Exercise requirements. The pictures in the data below are to be omitted; all else must be duplicated exactly.

The data.
···
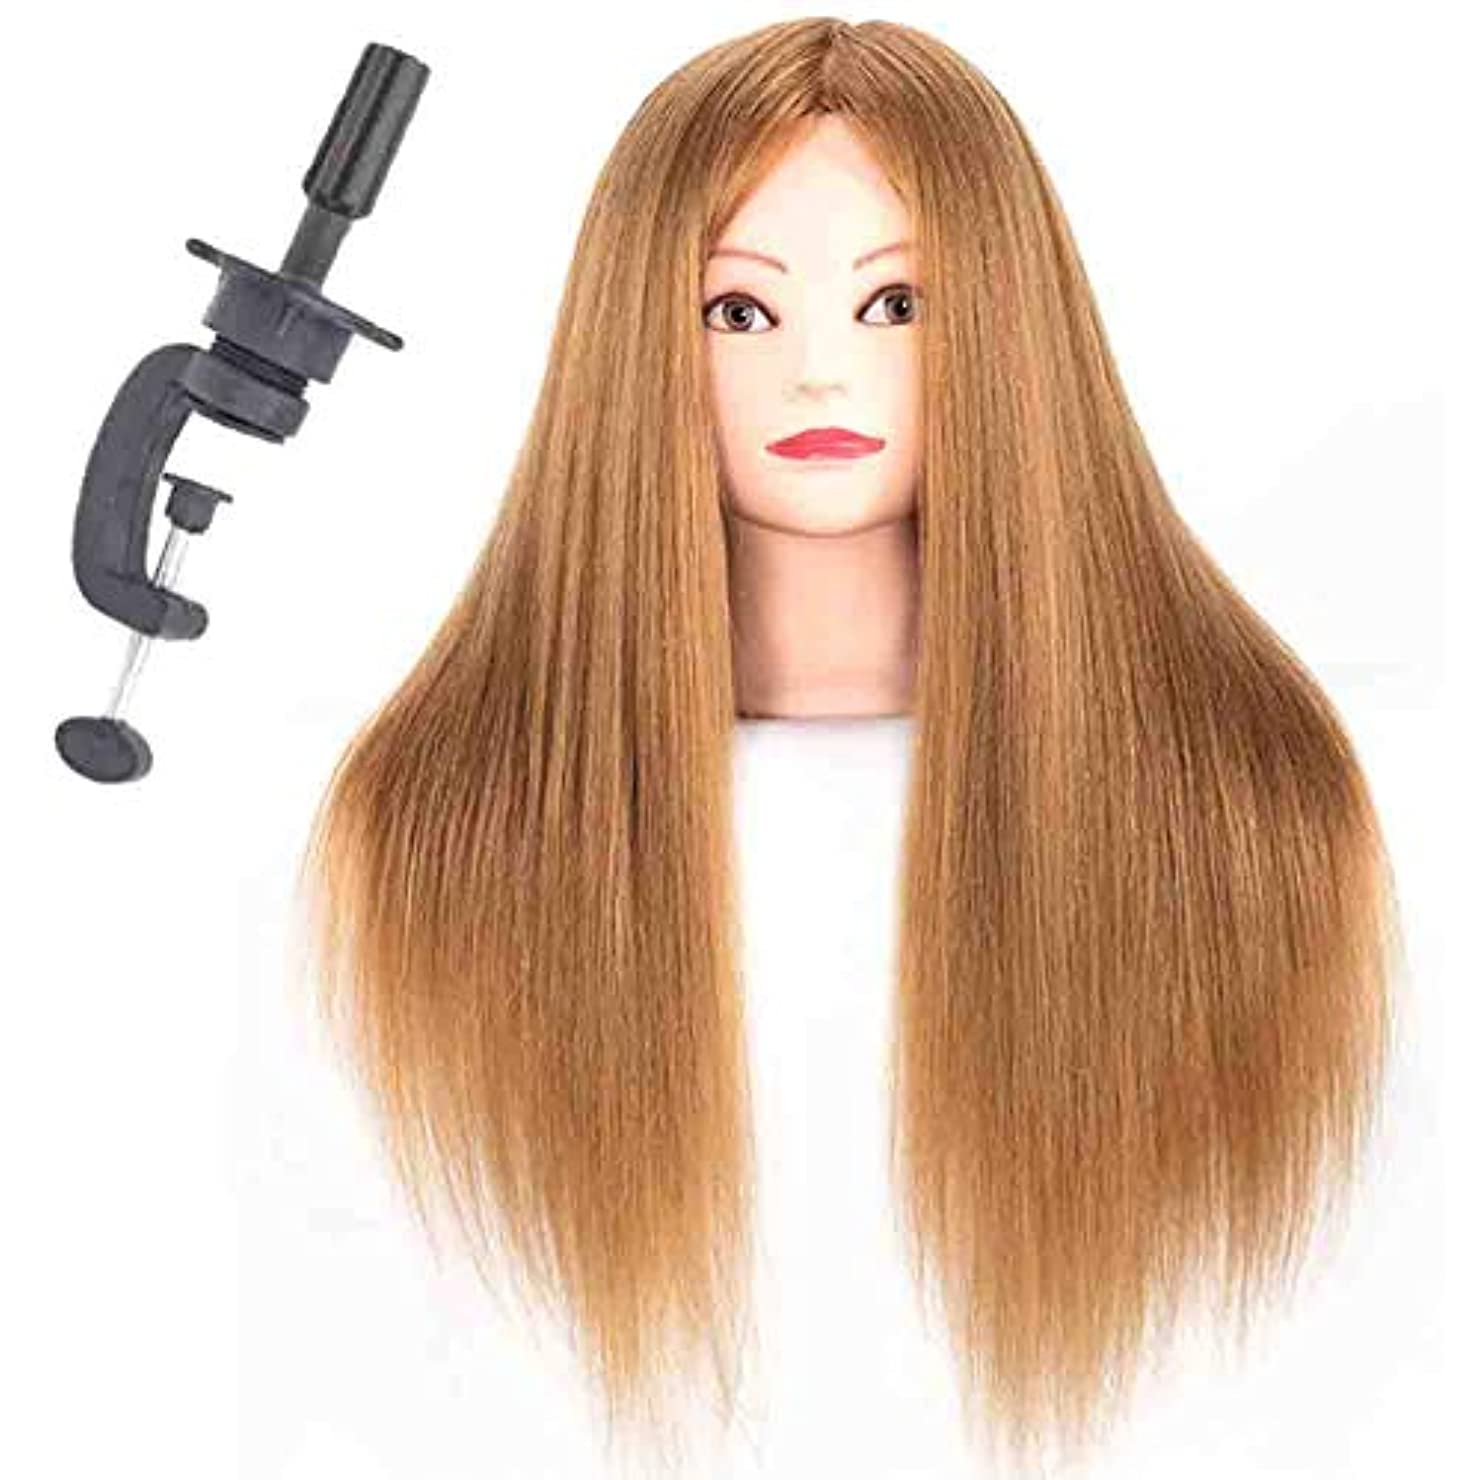 協力的回復スティーブンソン85%ミックスリアルヘアトレーニングヘッド花嫁ヘア三つ編みヘアサロンヘアカットカーリングロッド形状モデルダミーヘッド
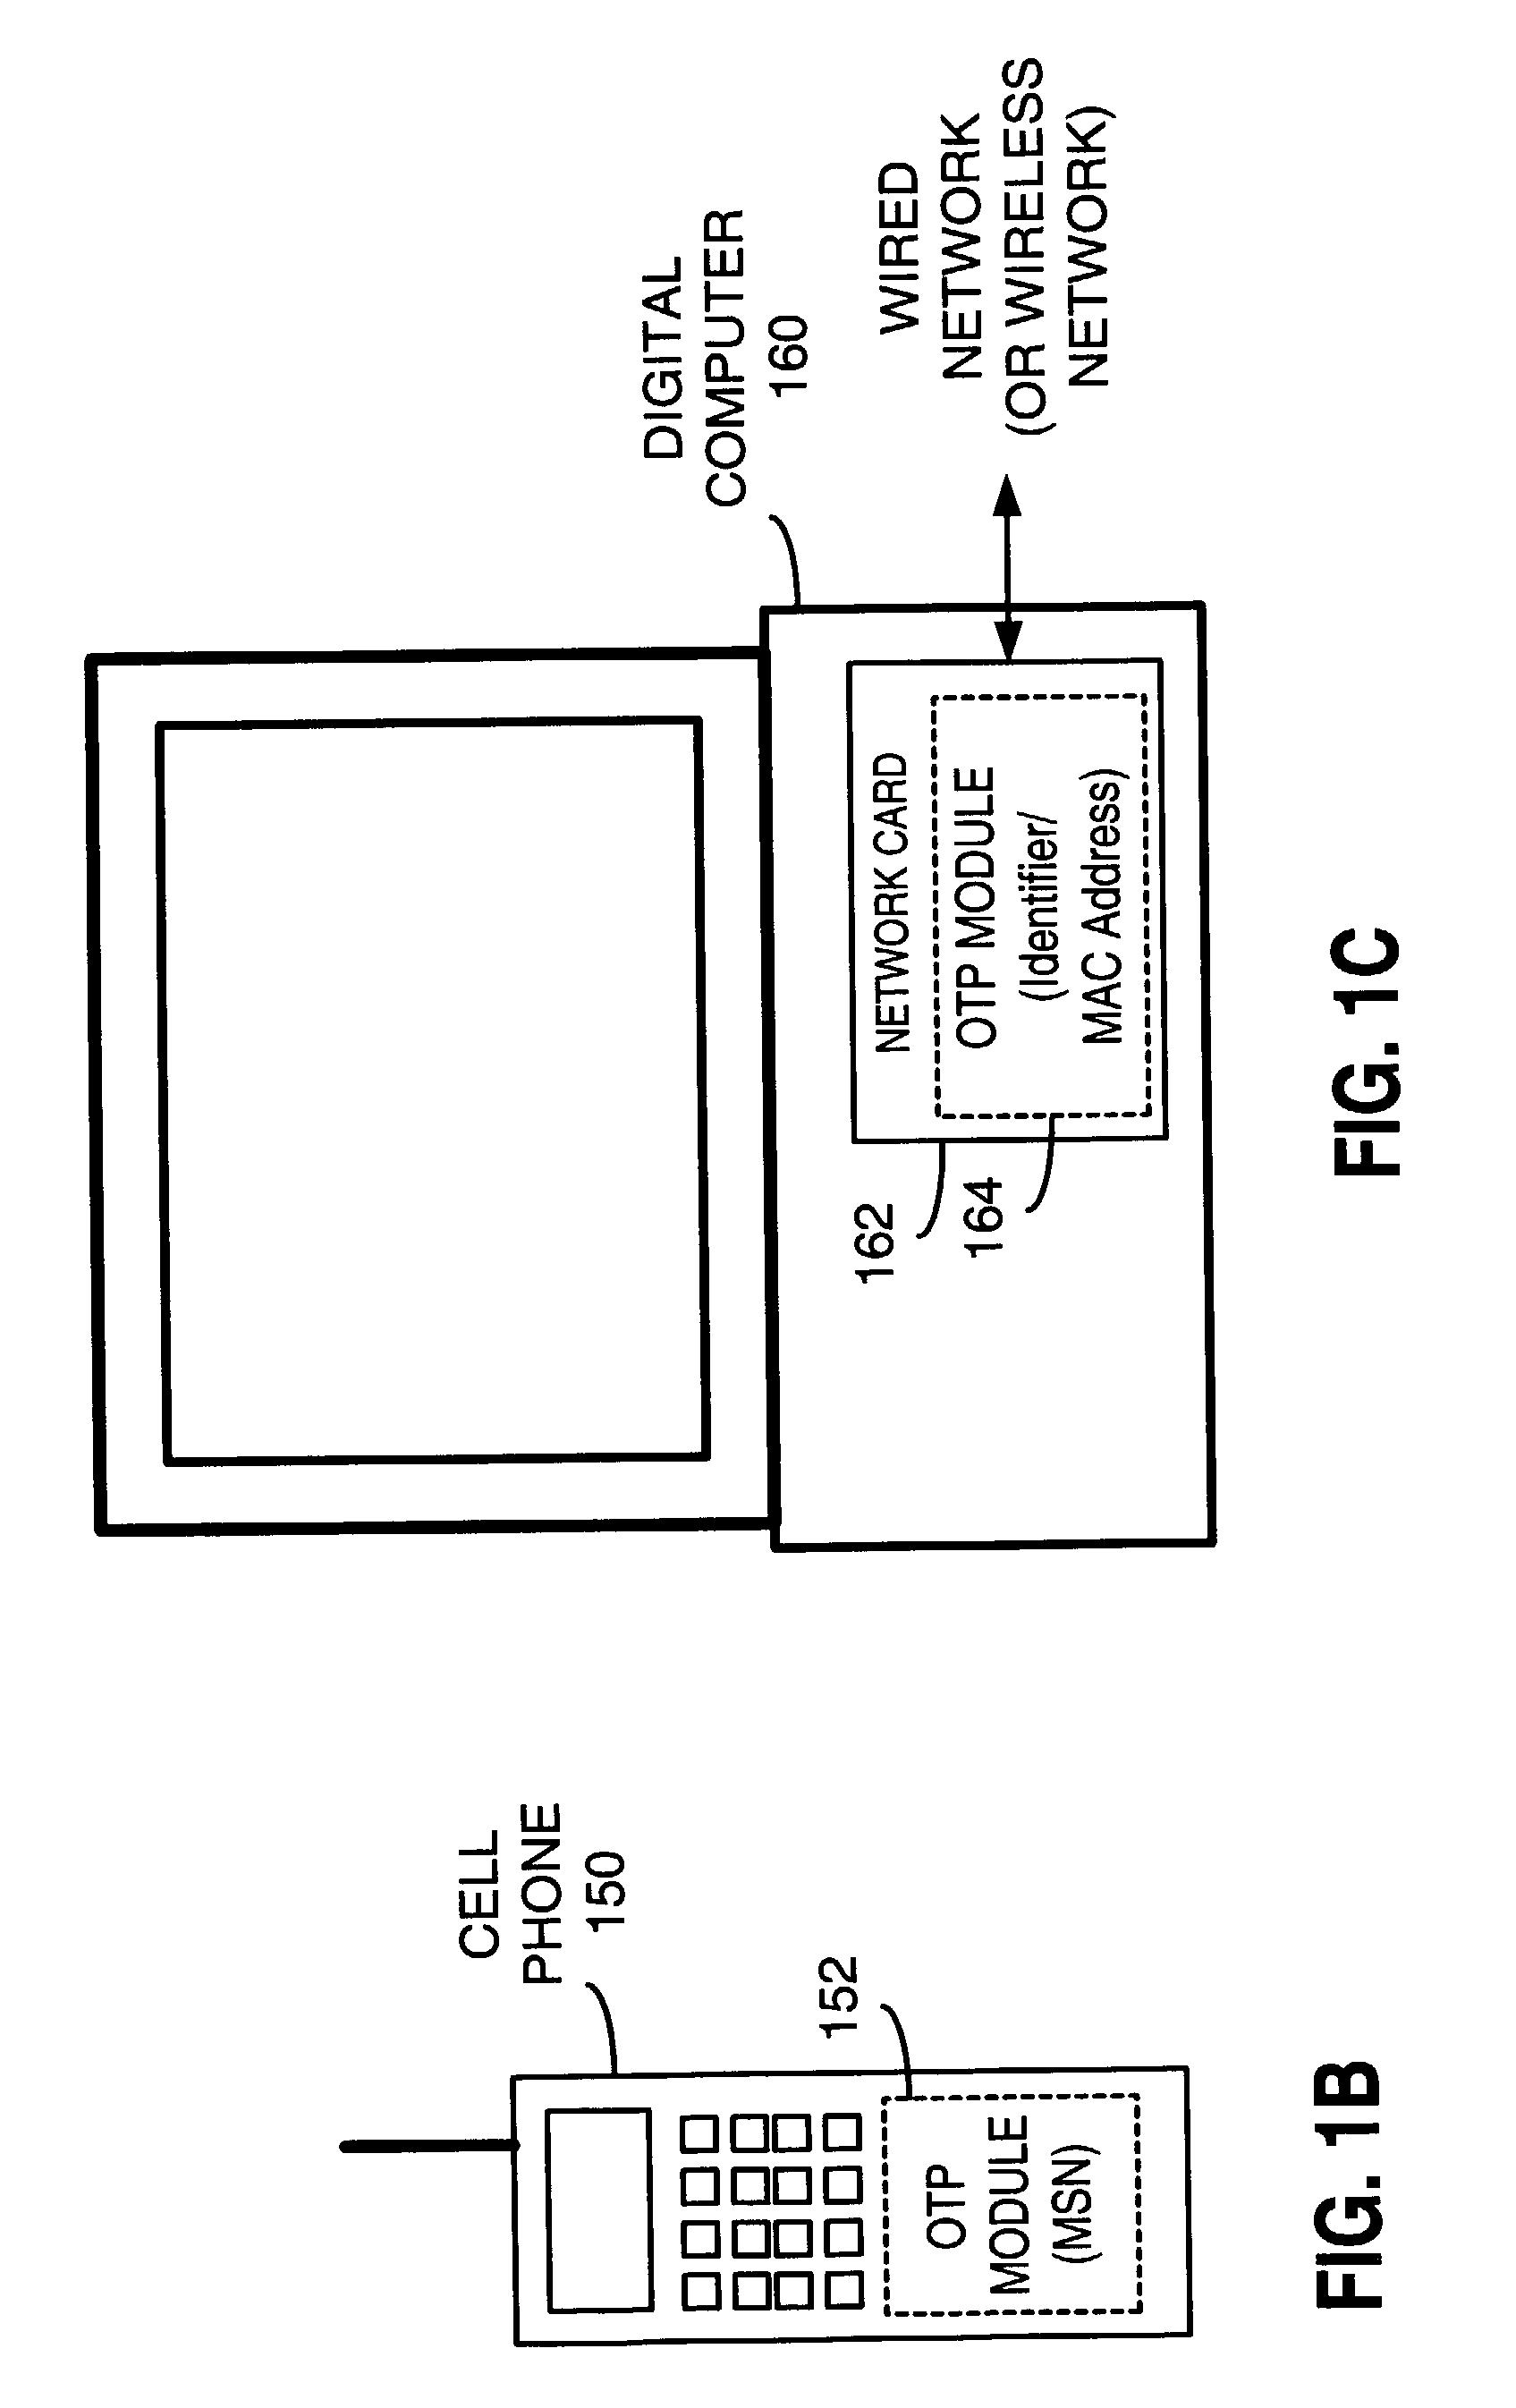 patent us20030217322
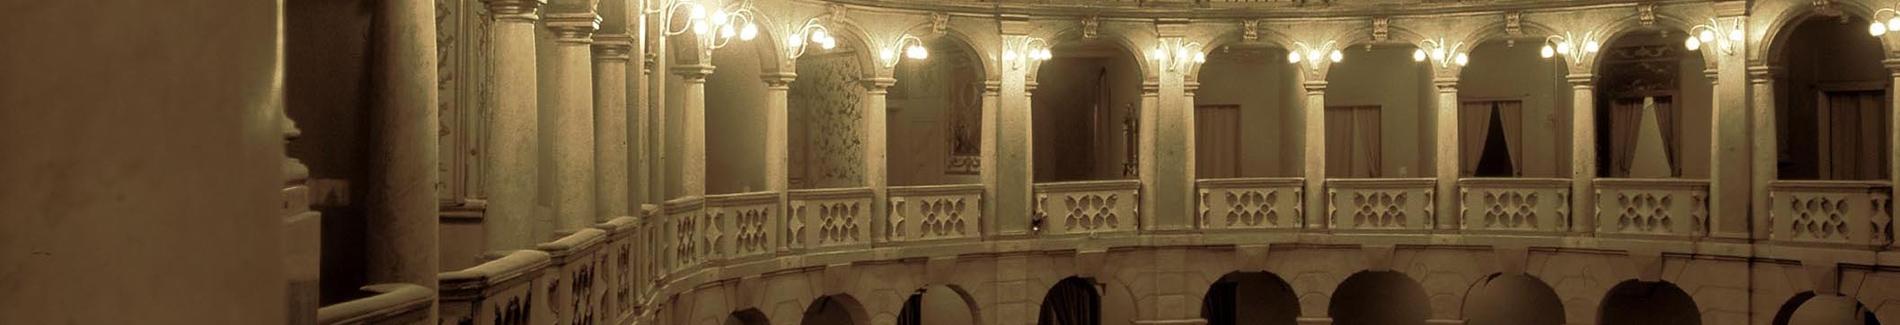 Torrevilla è sponsor ufficiale del Teatro Fraschini di Pavia
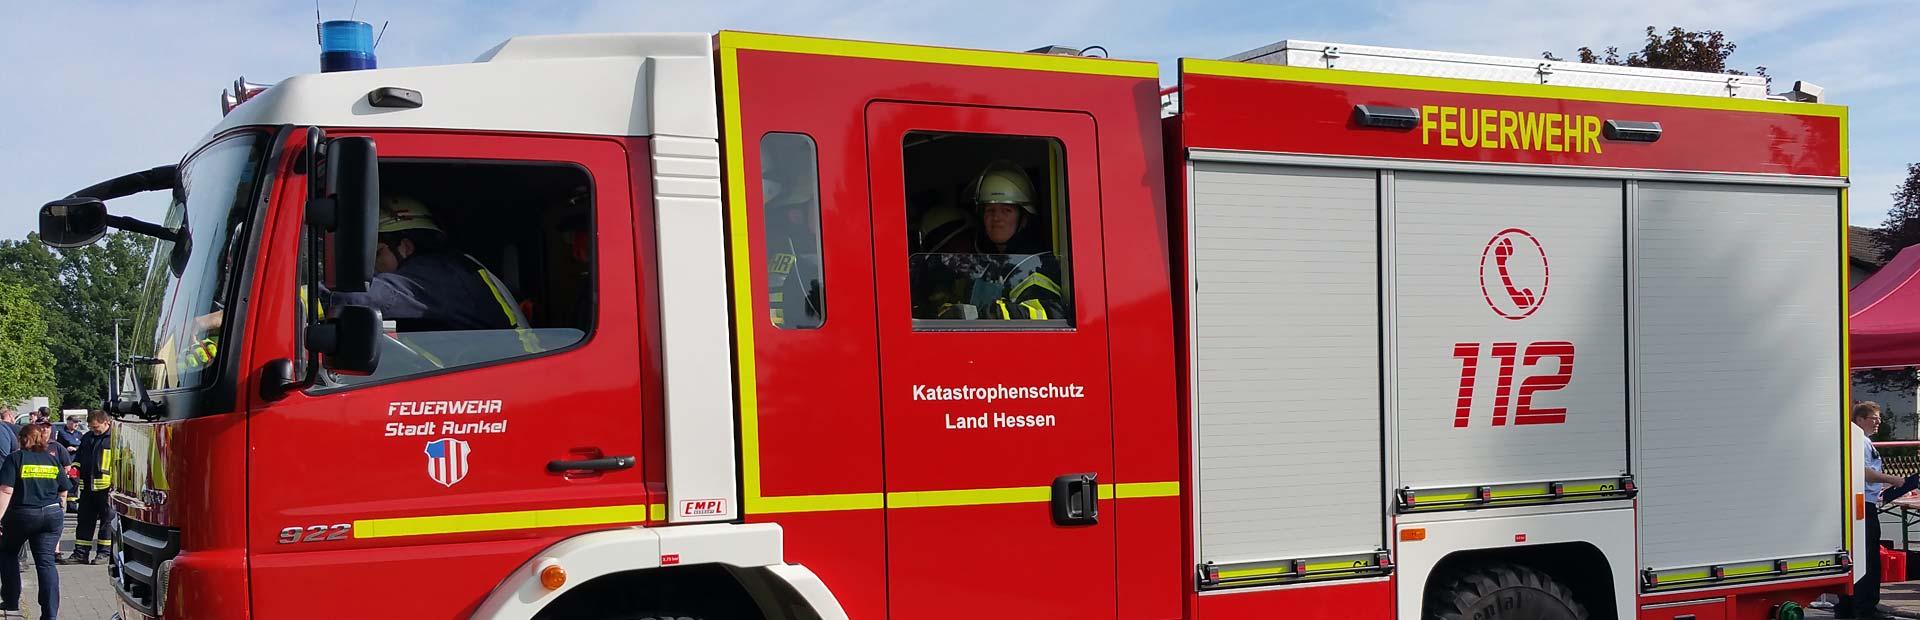 Bobby Car Vorsichtig Bobbycar Feuerwehr Anhänger Rot Mit Leiter Kinderfahrzeuge
···
Answer to the exercise.
 協力的回復スティーブンソン85%ミックスリアルヘアトレーニングヘッド花嫁ヘア三つ編みヘアサロンヘアカットカーリングロッド形状モデルダミーヘッド
 patent us20030217322
 Torrevilla è sponsor ufficiale del Teatro Fraschini di Pavia
 Bobby Car Vorsichtig Bobbycar Feuerwehr Anhänger Rot Mit Leiter Kinderfahrzeuge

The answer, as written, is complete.